Dataset content Start Marker
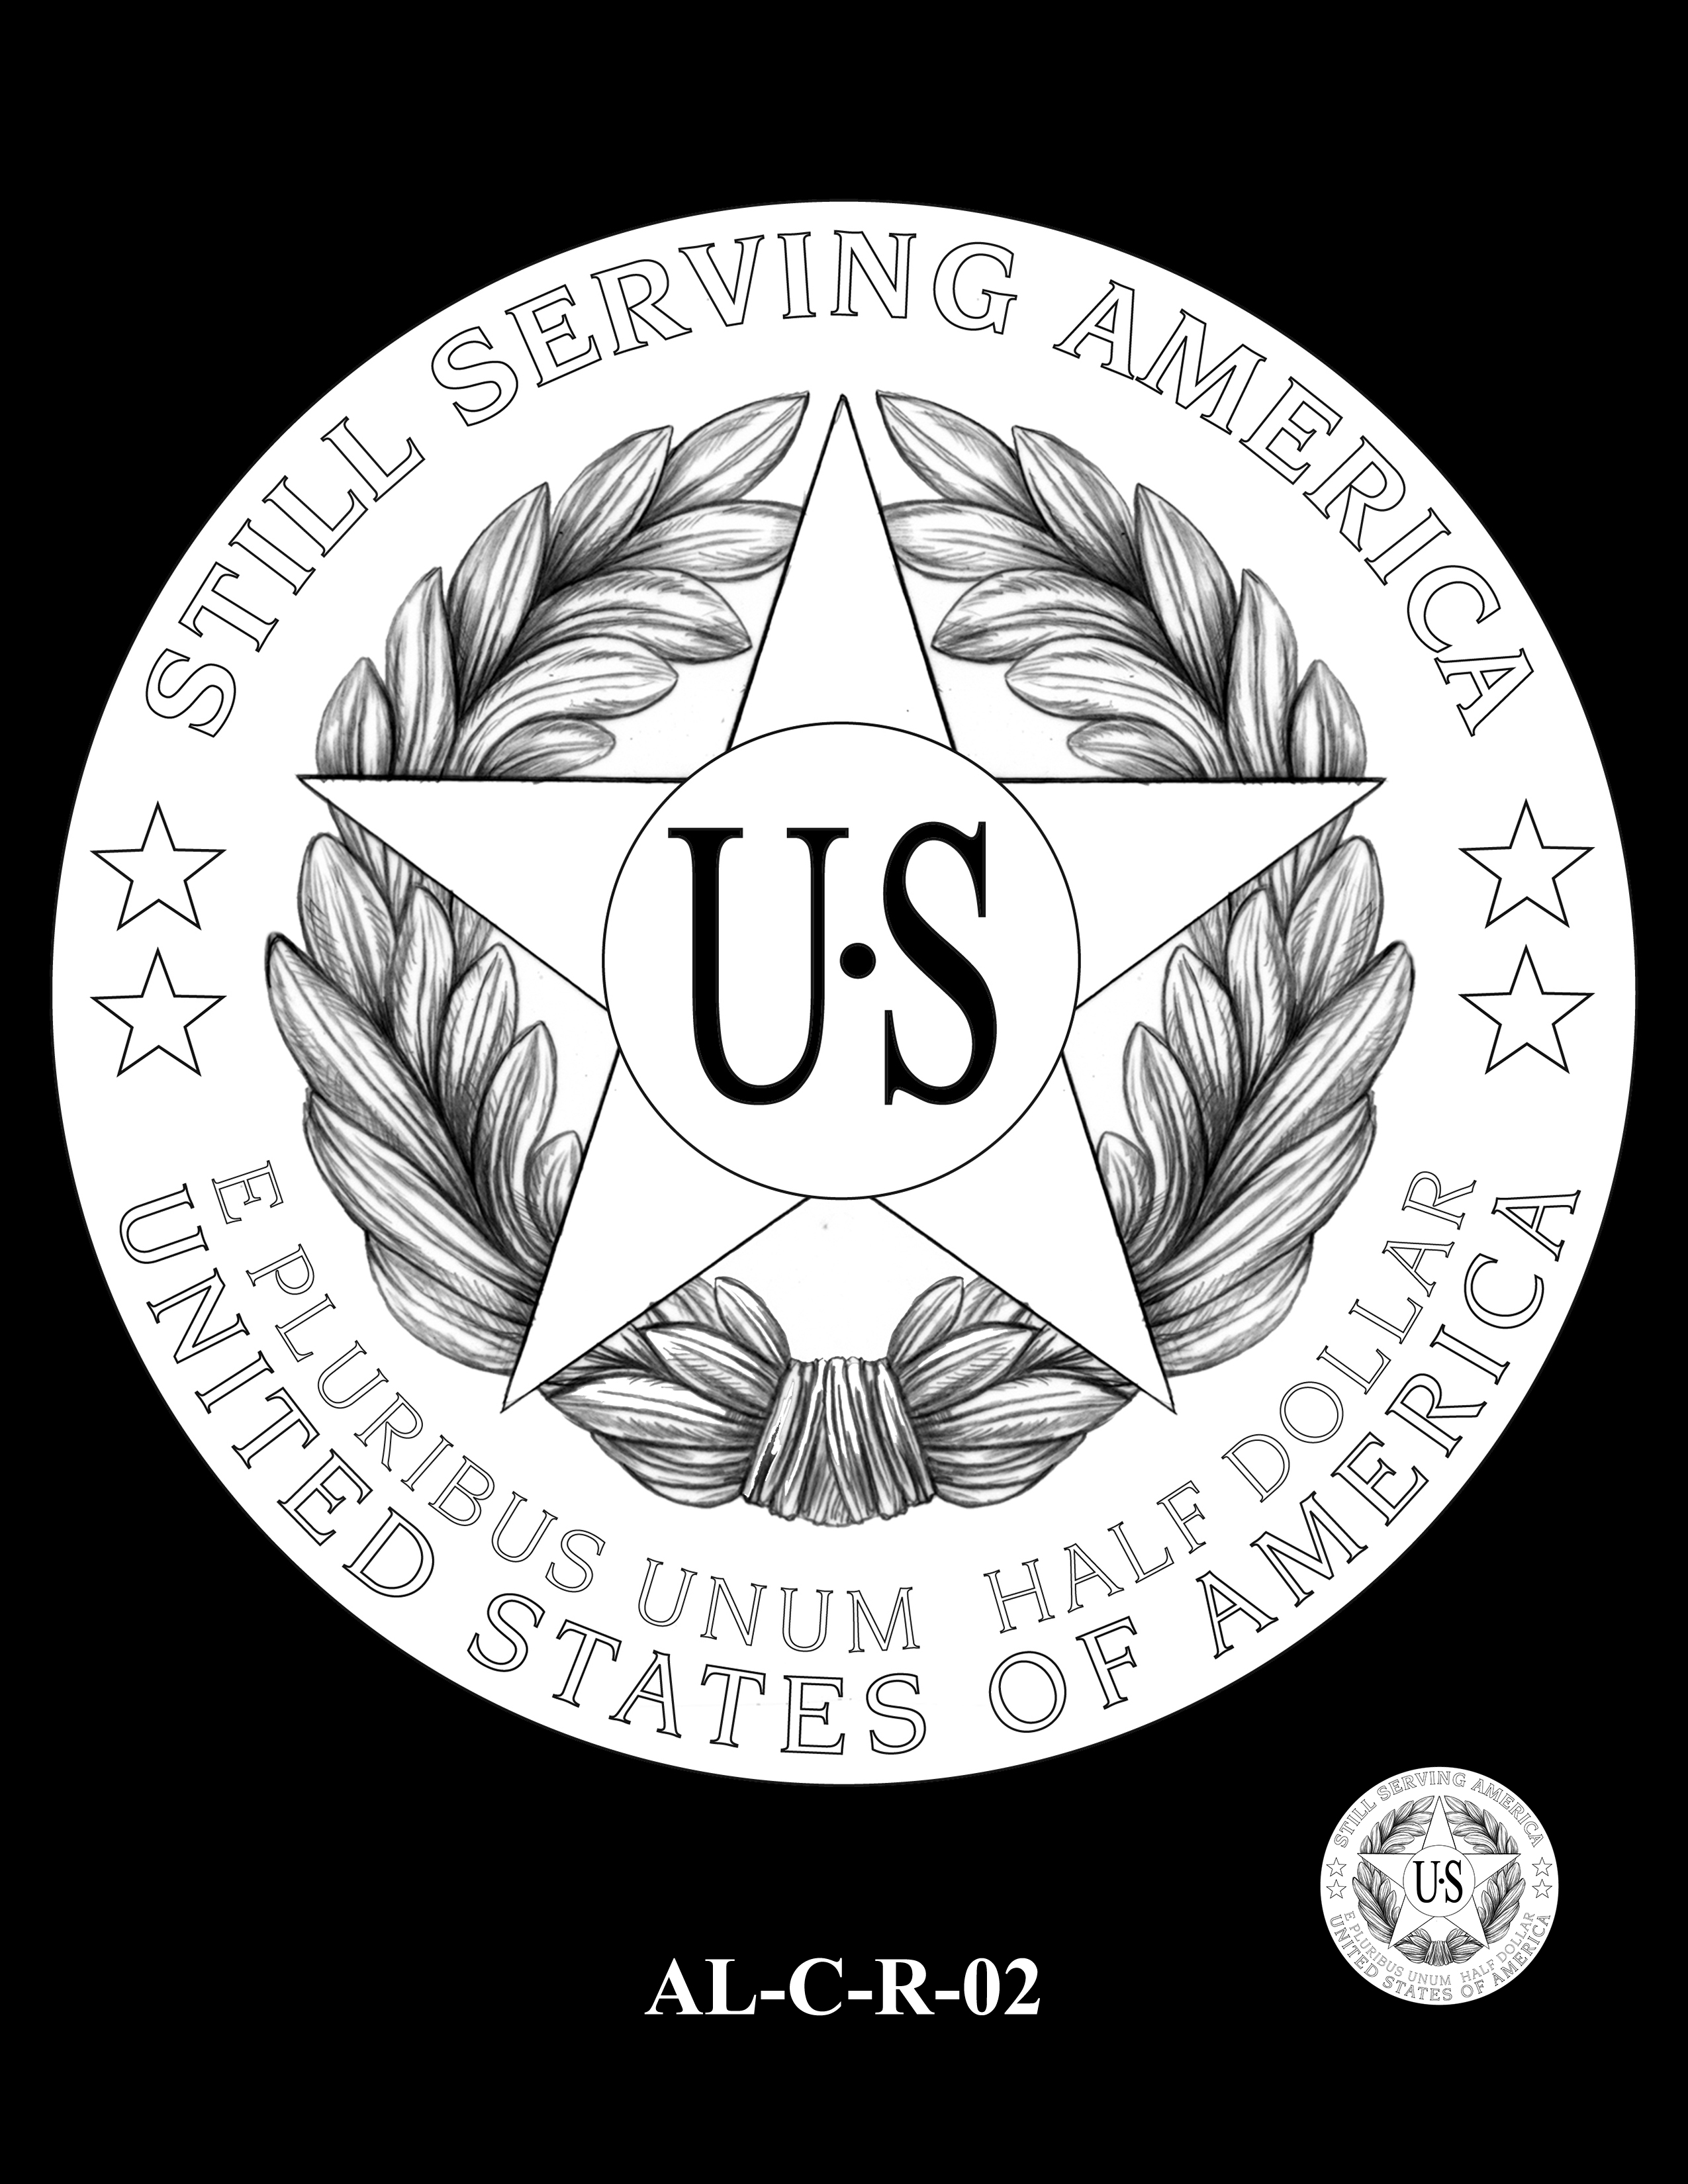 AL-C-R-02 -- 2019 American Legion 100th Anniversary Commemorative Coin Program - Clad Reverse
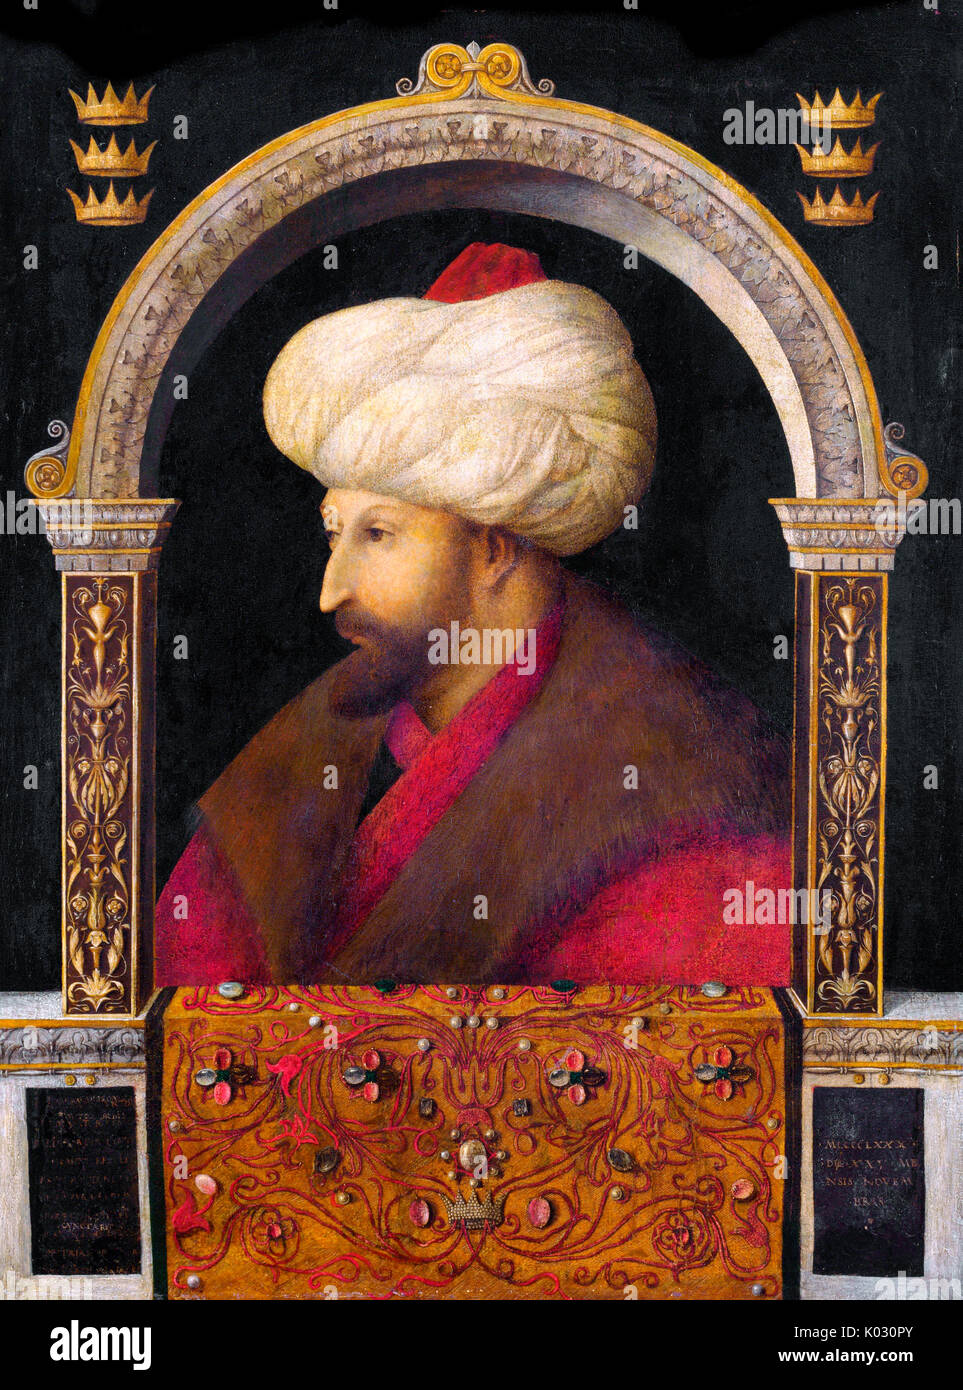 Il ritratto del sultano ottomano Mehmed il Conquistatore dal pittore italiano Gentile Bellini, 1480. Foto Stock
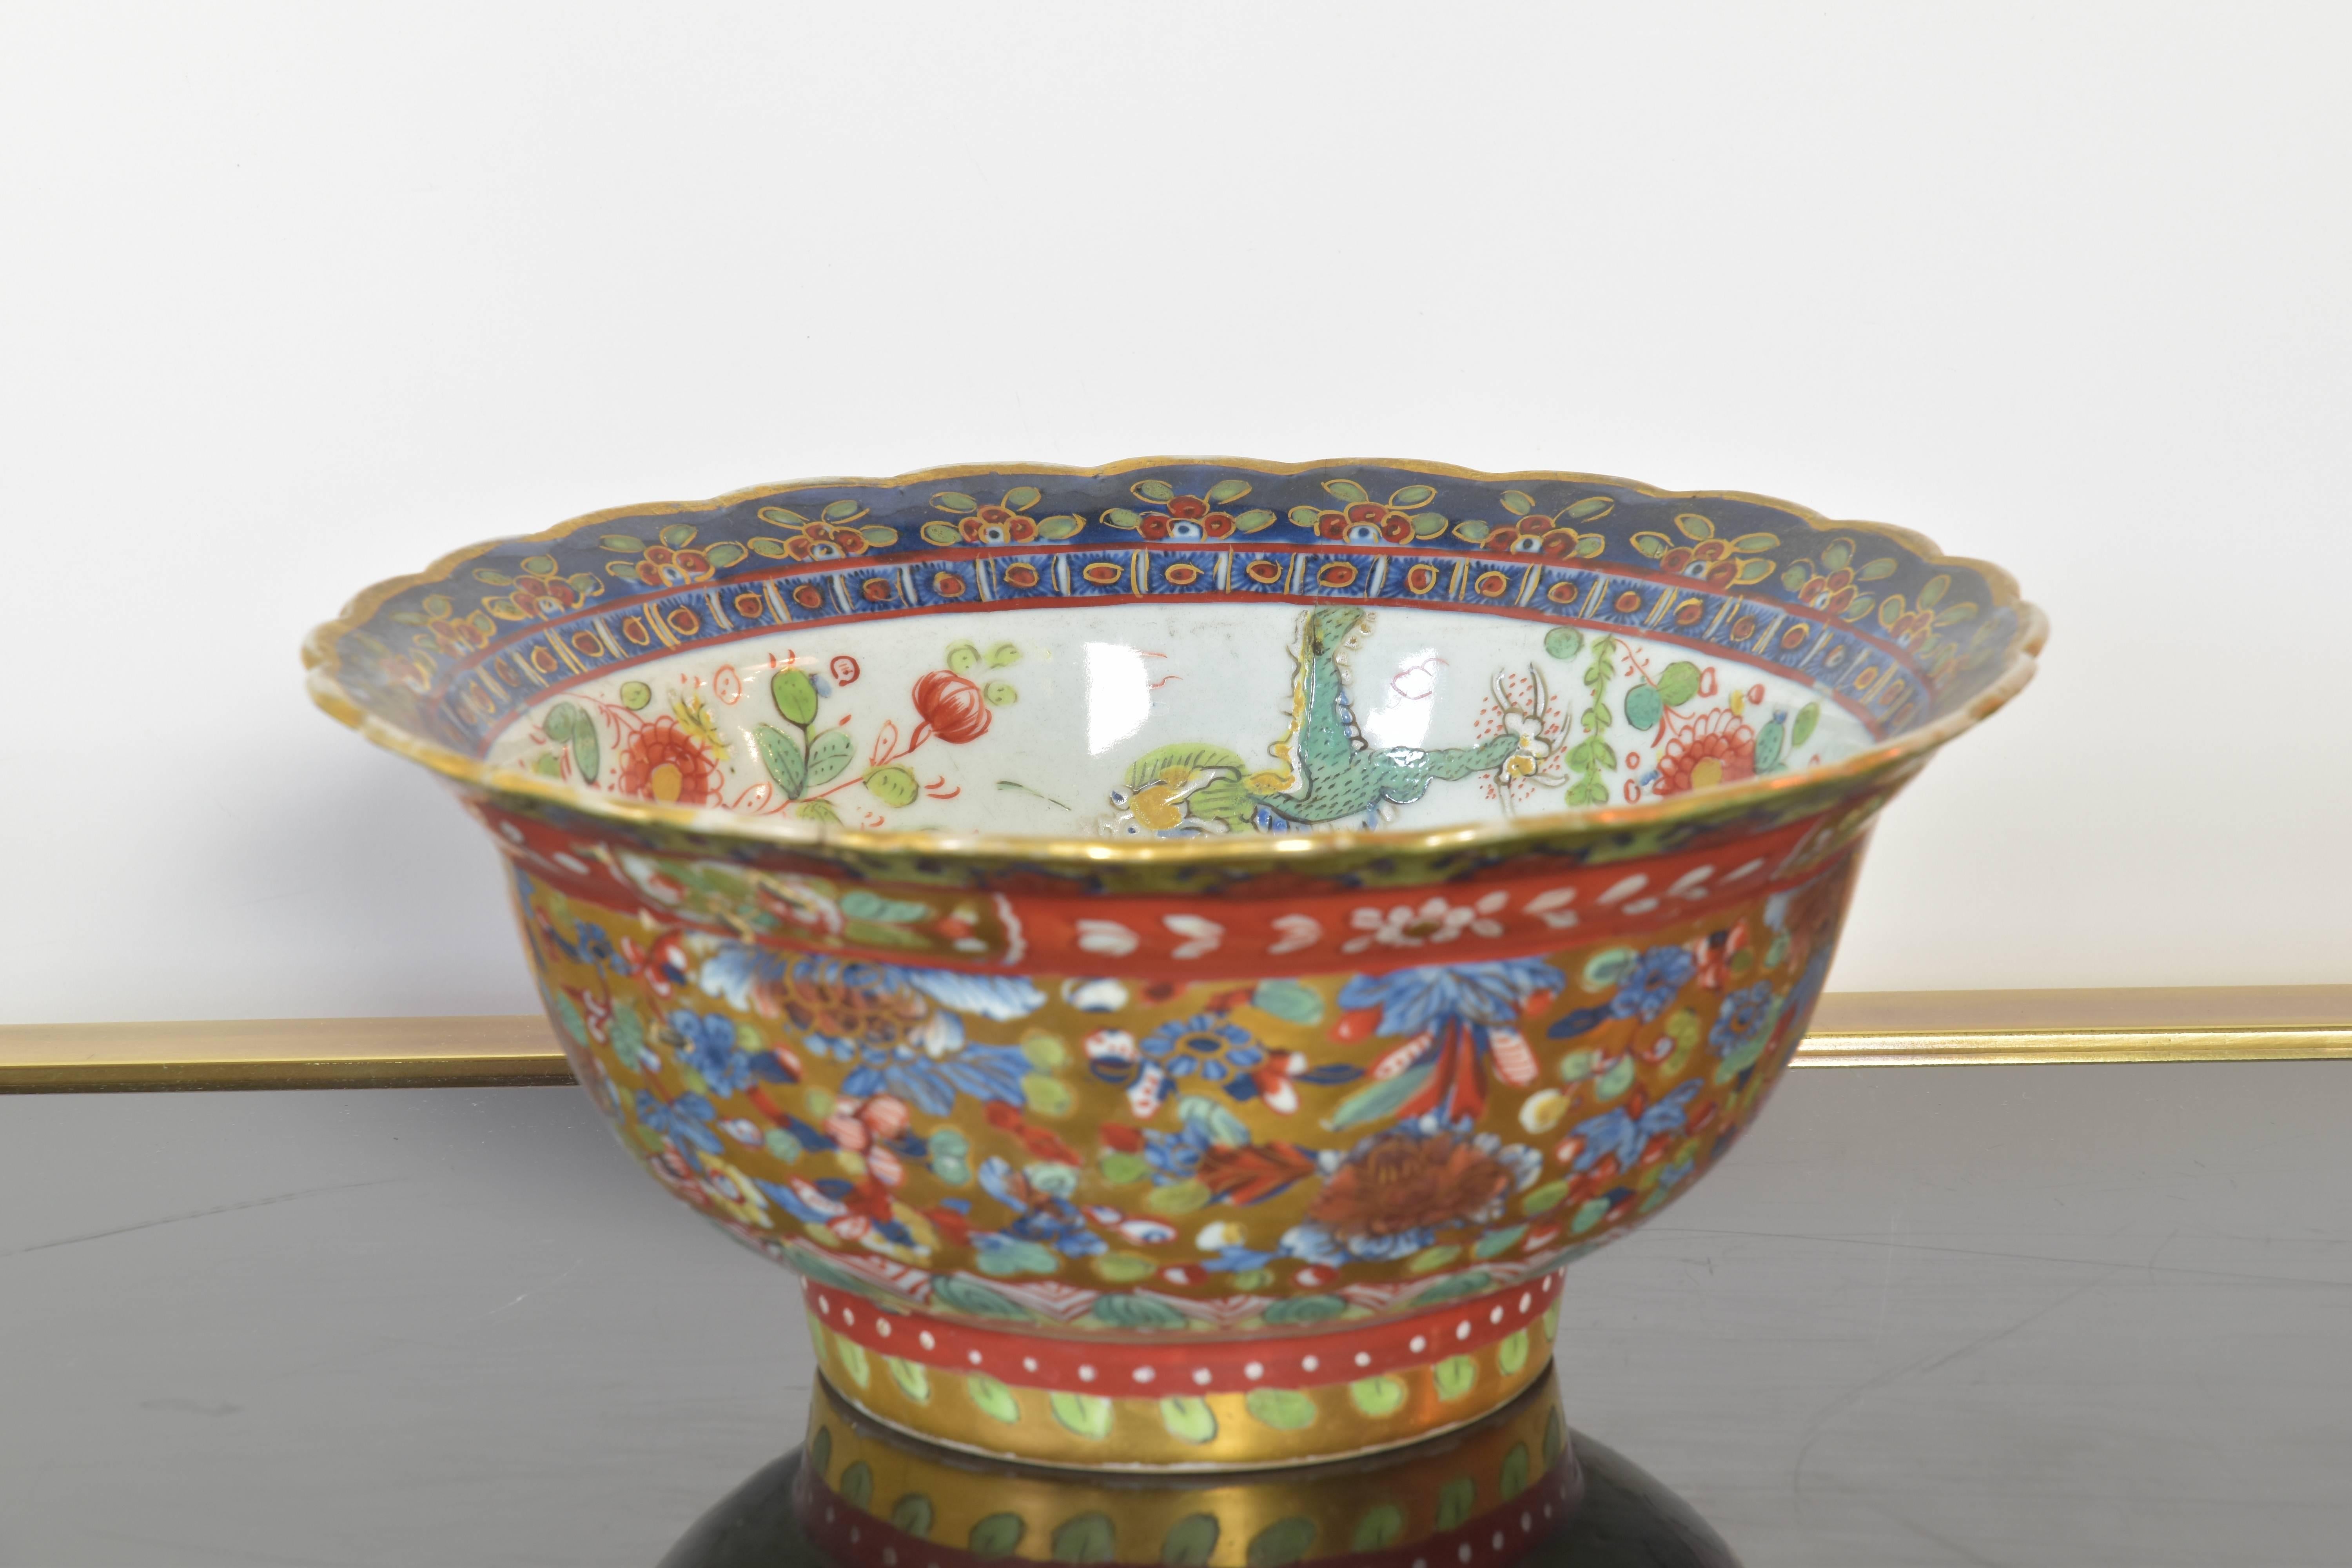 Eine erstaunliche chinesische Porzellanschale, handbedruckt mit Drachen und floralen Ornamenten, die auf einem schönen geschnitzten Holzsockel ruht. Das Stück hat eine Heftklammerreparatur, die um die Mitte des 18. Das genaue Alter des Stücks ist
Dataset content End Marker
### What is required
Each line of the material above should be set down exactly, with no pictures.

### Task solution
 AL-C-R-02 -- 2019 American Legion 100th Anniversary Commemorative Coin Program - Clad Reverse
 Il ritratto del sultano ottomano Mehmed il Conquistatore dal pittore italiano Gentile Bellini, 1480. Foto Stock
 Eine erstaunliche chinesische Porzellanschale, handbedruckt mit Drachen und floralen Ornamenten, die auf einem schönen geschnitzten Holzsockel ruht. Das Stück hat eine Heftklammerreparatur, die um die Mitte des 18. Das genaue Alter des Stücks ist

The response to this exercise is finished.